不意に来たお父さんの回し蹴りから僕を守ろうと、社長に突き飛ばされた勢いでバランスを失い、危うく転びそうになる、が、しかし、転倒は免れた。
誰だか小さな身体にぶつかって、結果、僕は支えられたのだ。
「すいません、」
慌てて体制を立て直し振り向くと、そこにいたのはユリちゃんだった。
こんな華奢な女の子にぶつかってしまうなんて、僕は大いに慌てた。
「大丈夫ですか? ケガしてないですか? 痛かったでしょう? ごめんなさい!」
「大丈夫です。ケガもしてませんし、たいして痛くもなかったです。だから気にしないでください。そんな事より、」
言いかけて僕を見上げる彼女の髪にはリボンがまかれていた。
遠目から見た時はカチューシャだと思ってたけど違うみたいだ。
それにしても随分と古そうなリボンだな。
若い女の子の髪を飾るには少々レトロすぎやしないだろうか?
着ている服の新しさから比べると妙に浮いている。
色はあせた青色で、所々退色して白っぽくなってるし。
と、その時。
僕の脳内に割り込むように浮かんだのは幼い日のユリちゃんだった。
____夏の空のような青いリボン。
____それを髪に飾ってもらい満面の笑みで喜ぶ姿。
……あぁ、
……そうか、このリボンはあの日の、
「ユリちゃん、その髪につけてるの……11年前の夏祭りに、お母さんがつけてくれたリボンだよね」
田所さんからもらったリボンを、大きくなったいまでも大事にしているのかと思うとなんだか僕まで嬉しい。

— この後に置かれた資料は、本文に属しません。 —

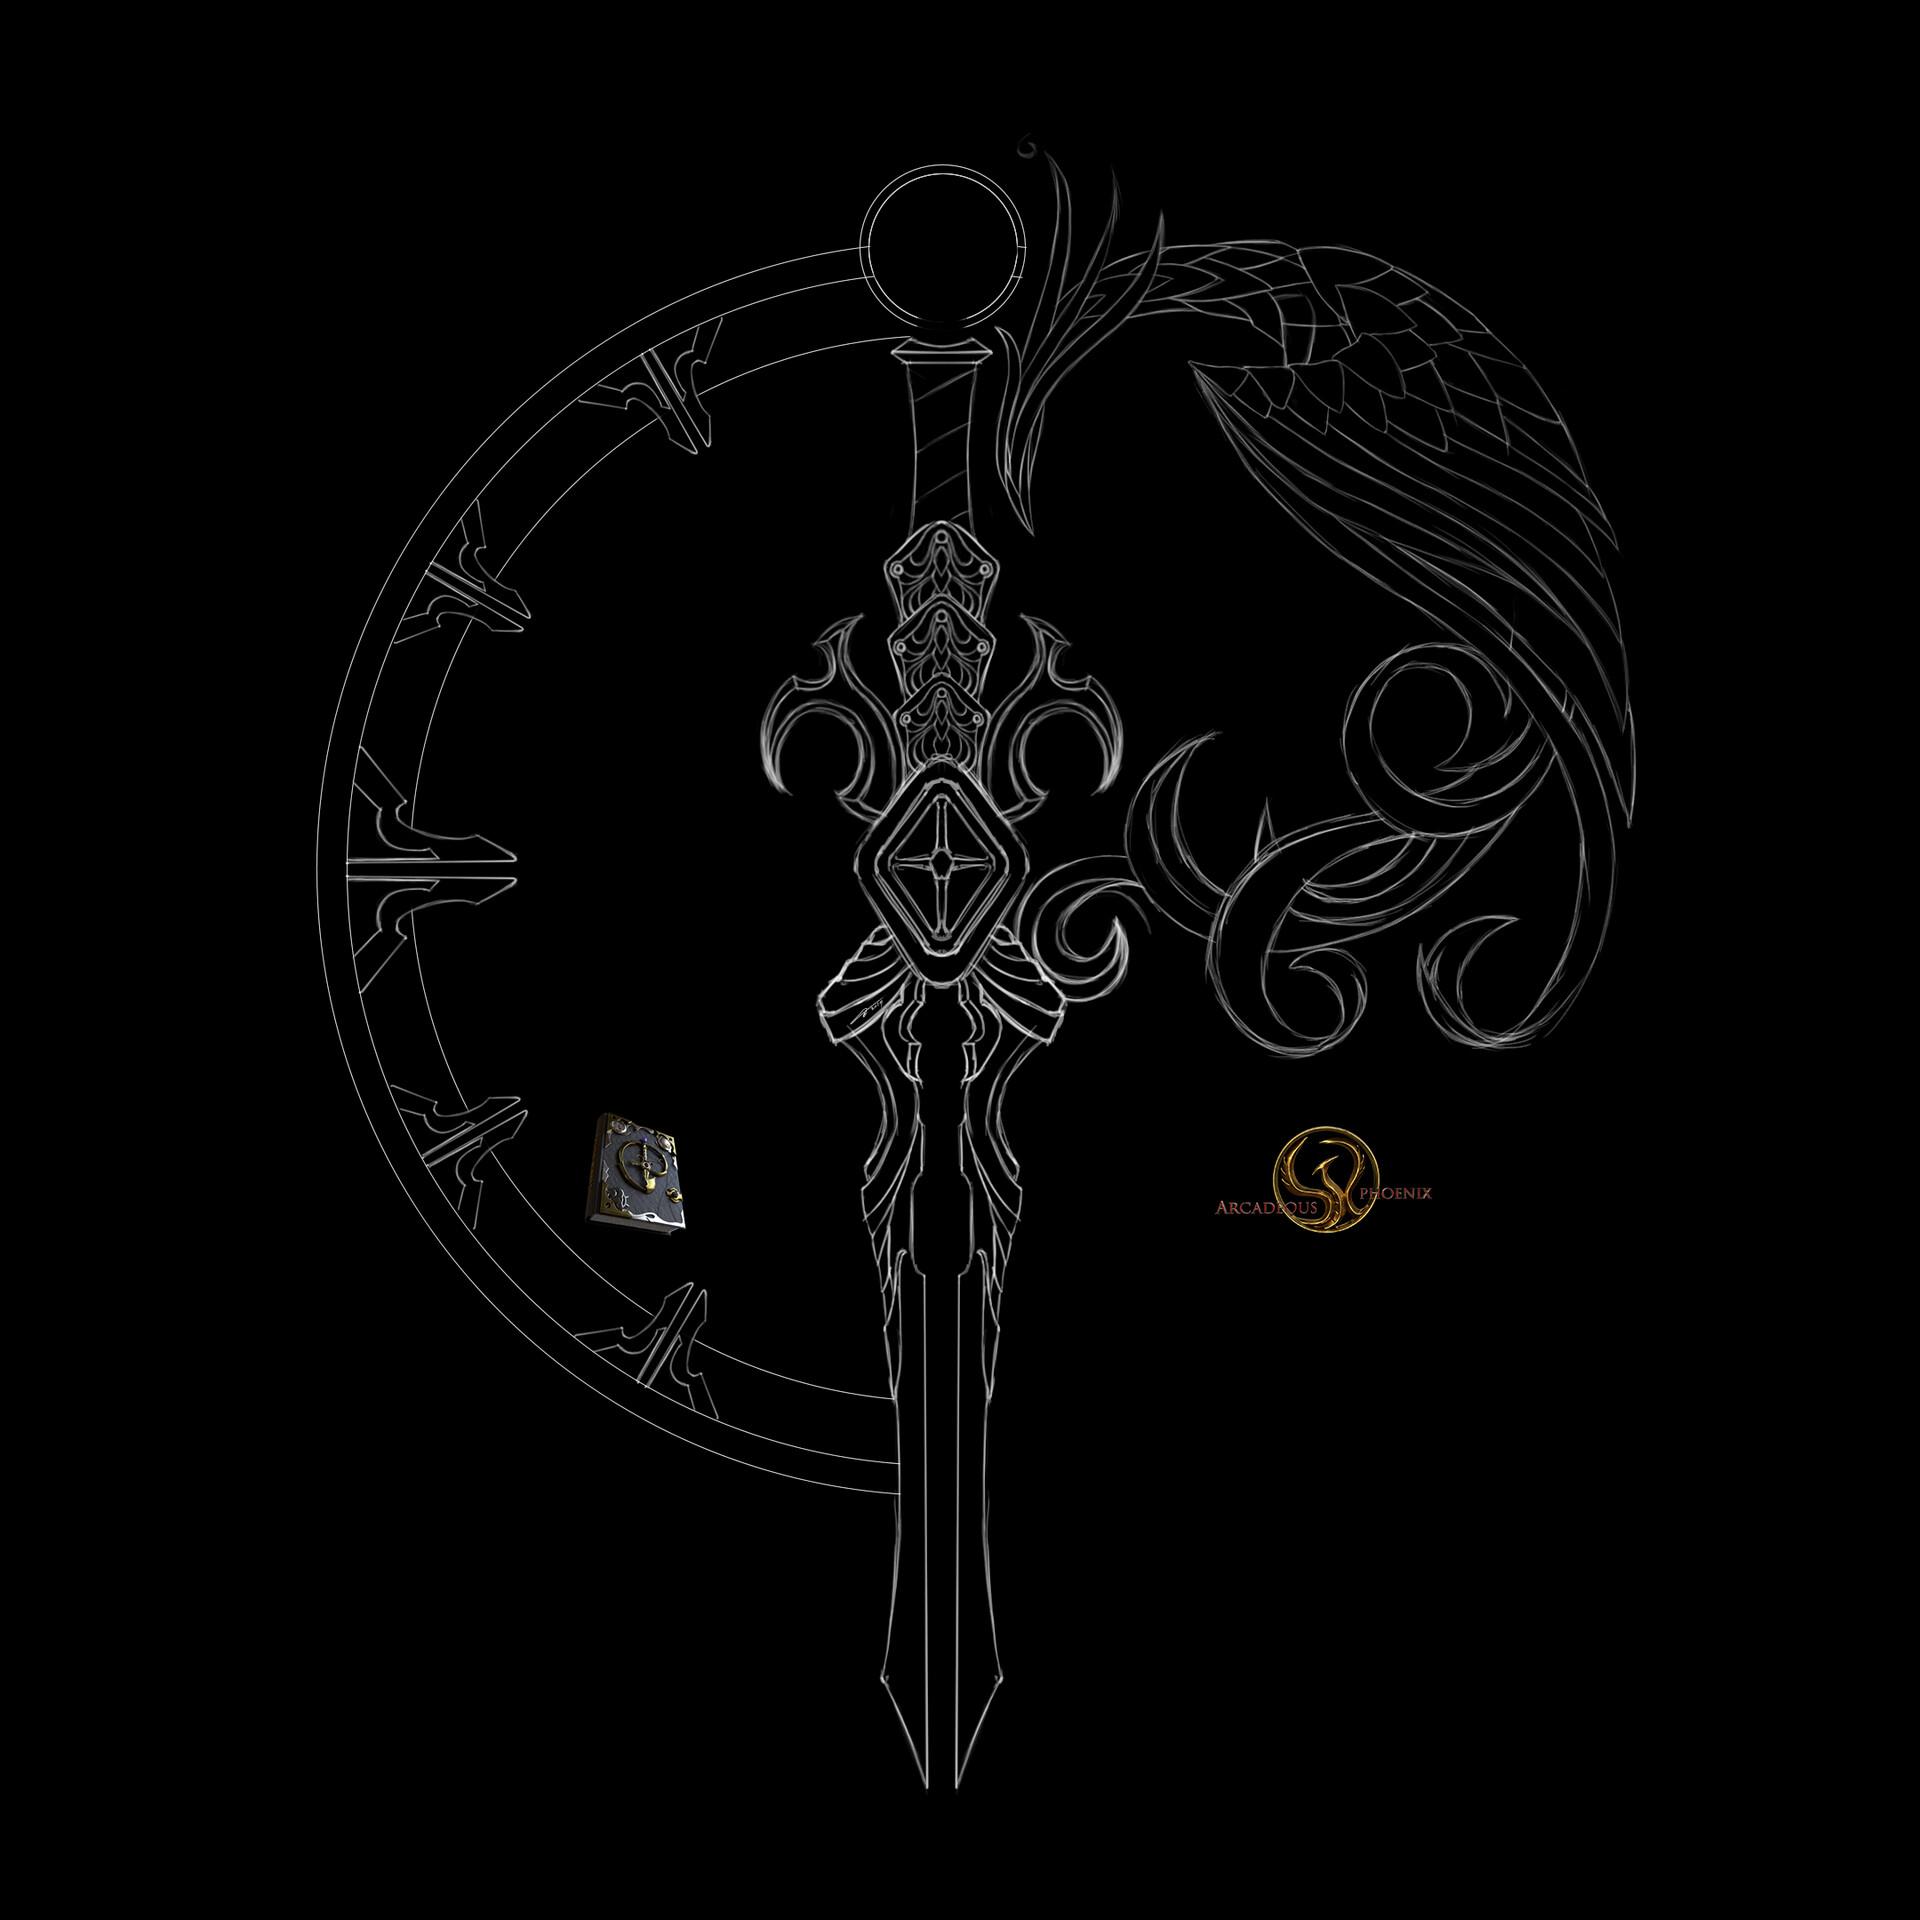 Arcadeous phoenix gp logo 2019

ユリちゃんは指先でリボンに触れながら驚いた顔で僕を見る。
「そうですけど……なんで知ってるんですか? それは……その、」
そして持っていた僕の名刺をチラリと見た。
「岡村さん、ですよね? この名刺に”霊媒師”って書いてあるけど……私の母に会ったって言うのは本当ですか? ……母は11年前に亡くなっています、それでも本当に本当に会ったんでしょうか?」
「うん、会ったよ。ユリちゃんのお母さんとお婆ちゃんにもね。2人ともとても優しい人達だった。それと、それとね、ユリちゃんは本当にお母さんにそっくりだ」
田所さん譲りの大きな目に、ぶわっと涙が溜まっていく。
ユリちゃんは両手で口元を押さえ、肩を震わせている。
泣かせるつもりはなかったんだけど……でも、これは悲しい涙ではないだろうから許してもらおう。